Anyone used a Yamaha 10-spline prop on a Merc 10-spline outboard? I've heard they're more or less interchangeable, and 10-spline Merc prop choices are somewhat limited. I like have more options...

For that matter, anyone tried running an over-hub exhaust prop on a thru-hub lower unit? How big of a problem with ventilation does that create?


----------



## noeettica (Sep 23, 2007)

I'm surprised no one has answered this ...

I DO and have run Yamaha props on a 25 hp merc . The prop ran great ! but it was NOT 100% "right" had to play with the spacers I don't have one right in front of me but one is open in the front and one is open in the back .

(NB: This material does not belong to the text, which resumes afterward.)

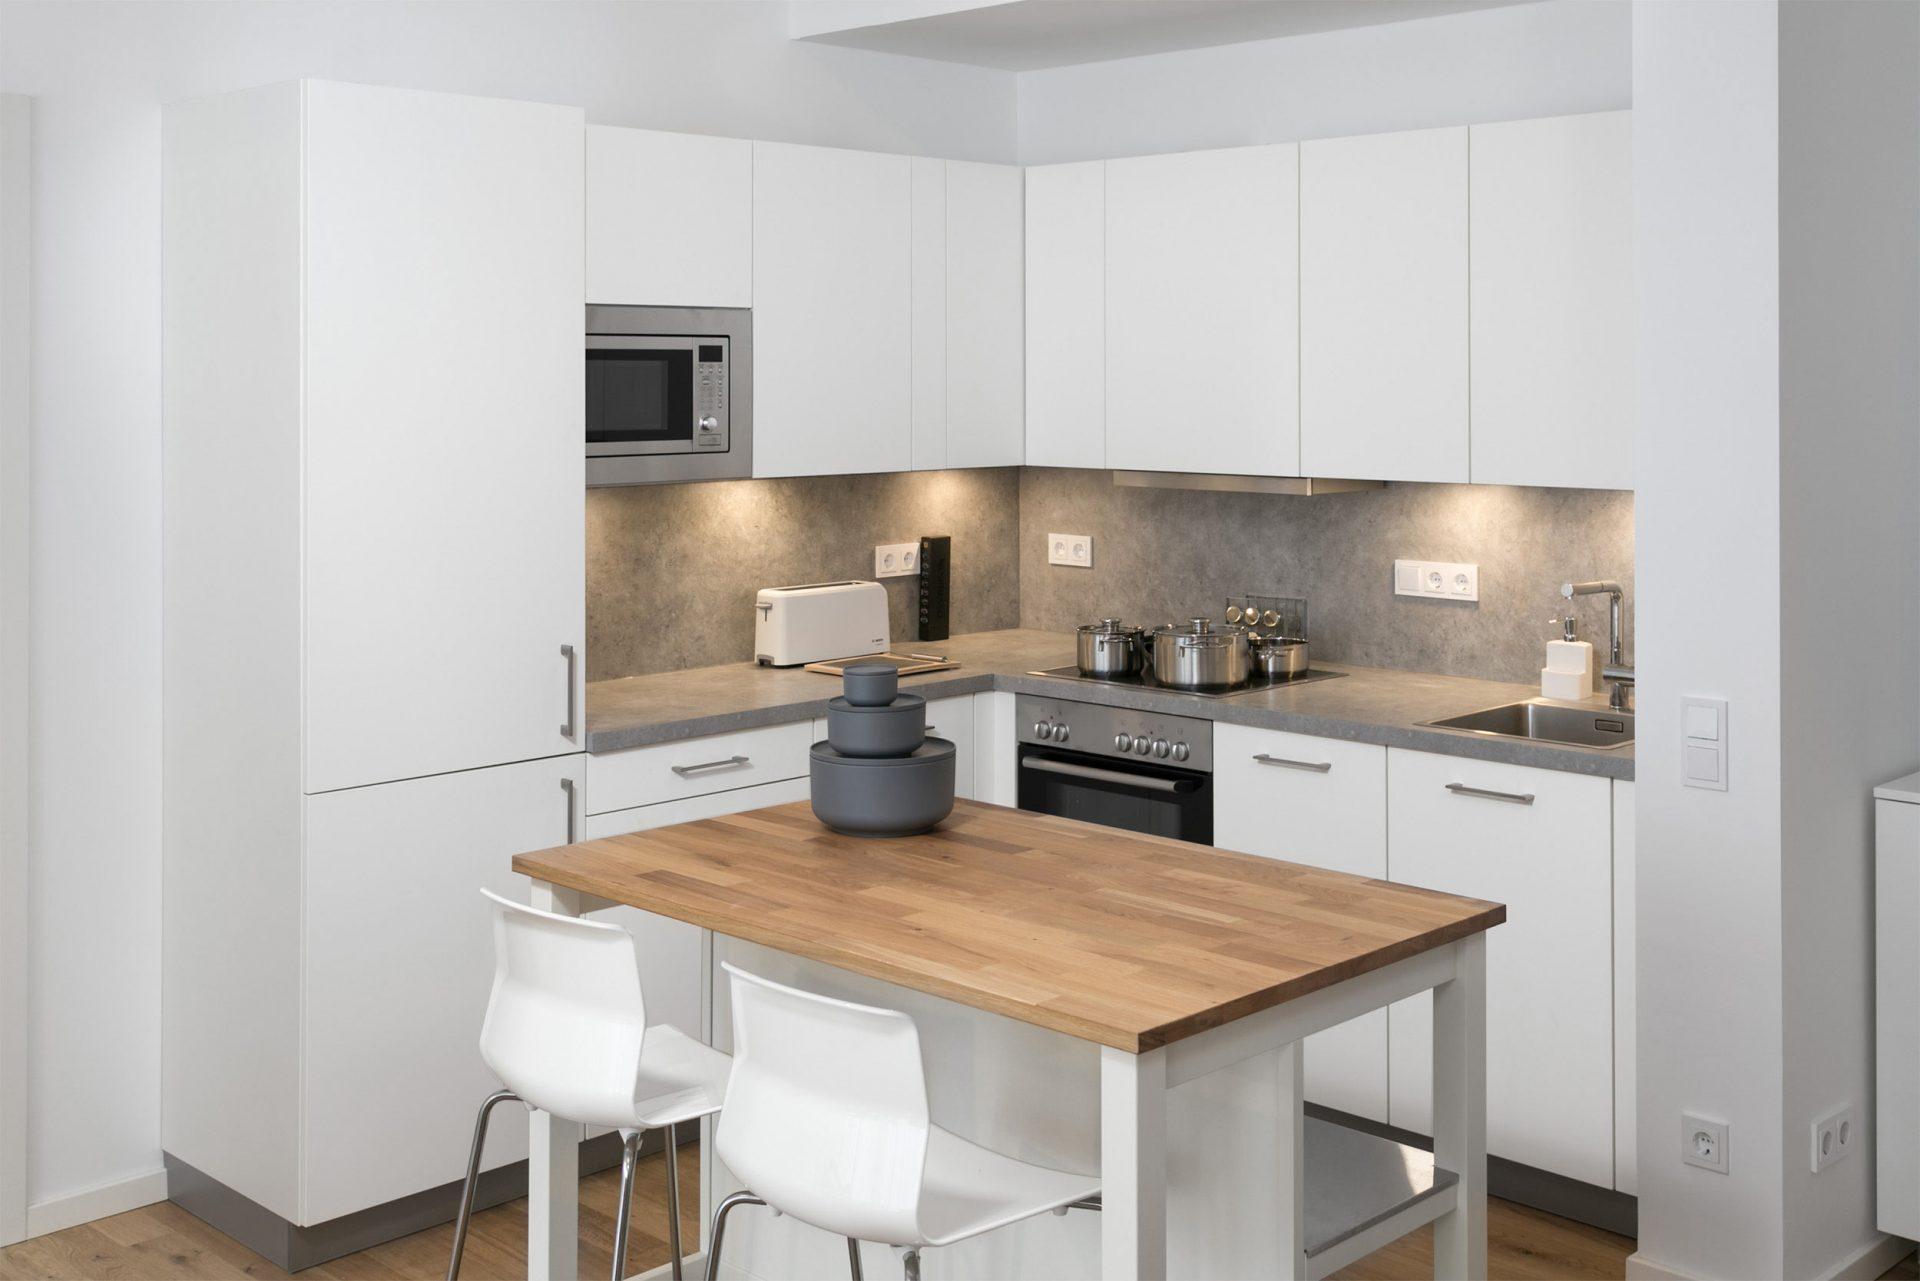 Immobilienfotografie Küche ©offenblende.de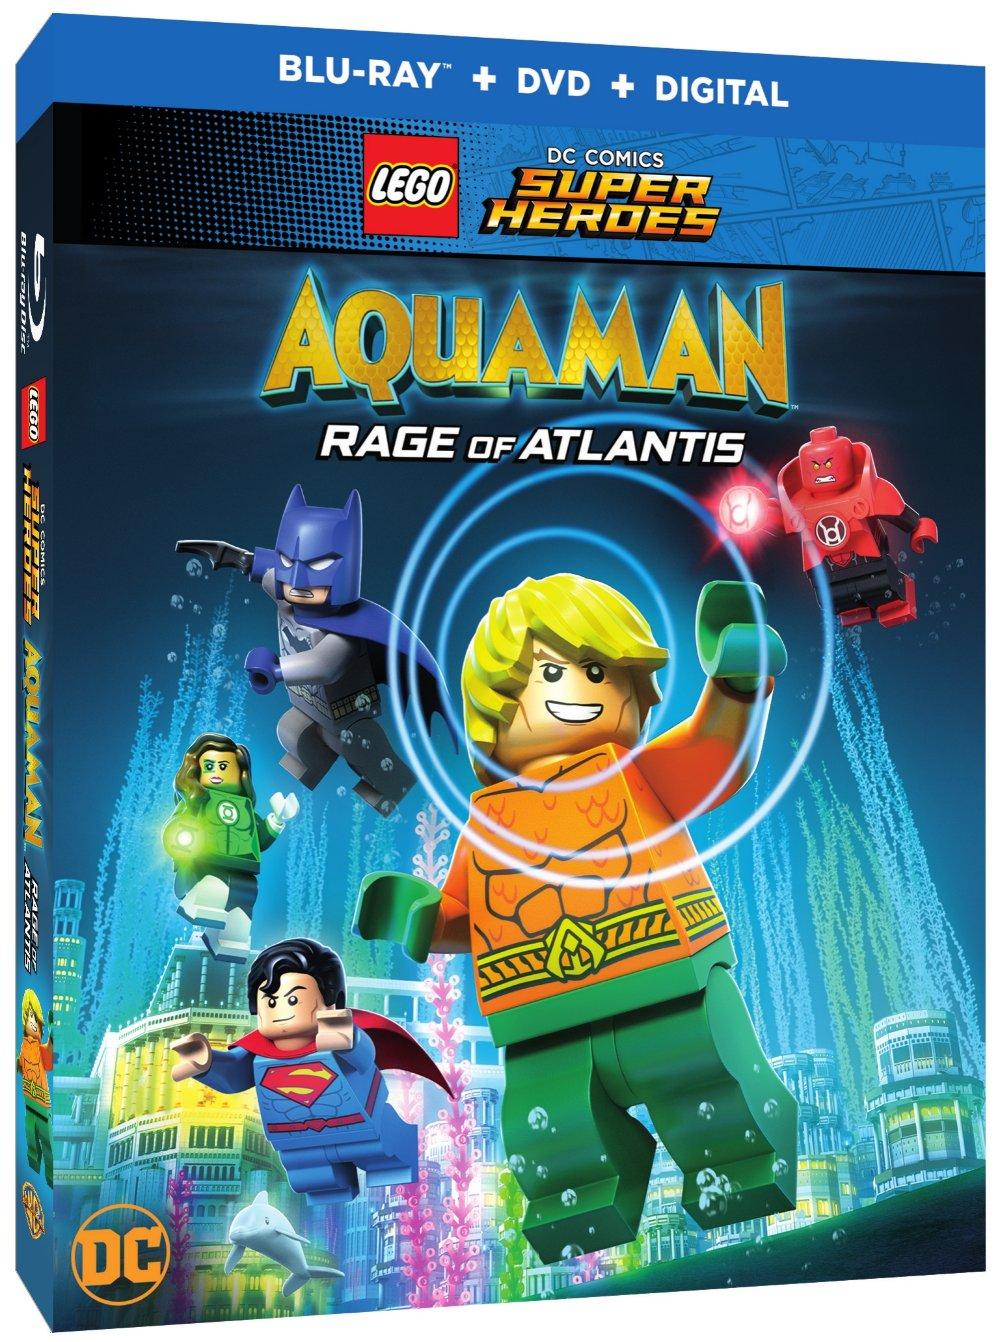 DCSH Aquaman 3D BD.JPEG

I have never run an over hub prop on that motor ...but they are available and gawd awful expensive !


----------



## Creek Runner (Sep 1, 2011)

Most Merc and Yamaha props are interchangeable, but you have to run different hard ware. Ie Thrust washer.


----------



## noeettica (Sep 23, 2007)

That's what I keep telling people 

current case 30 hp tohatsu / yamaha prop figure out how much extra space you have then chuck up your spacer in a lathe and part it where needed face both pieces put the extra piece on after the prop with a thin washer and you are good to go ... 



> Most Merc and Yamaha props are interchangeable, but you have to run different hard ware. Ie Thrust washer.


----------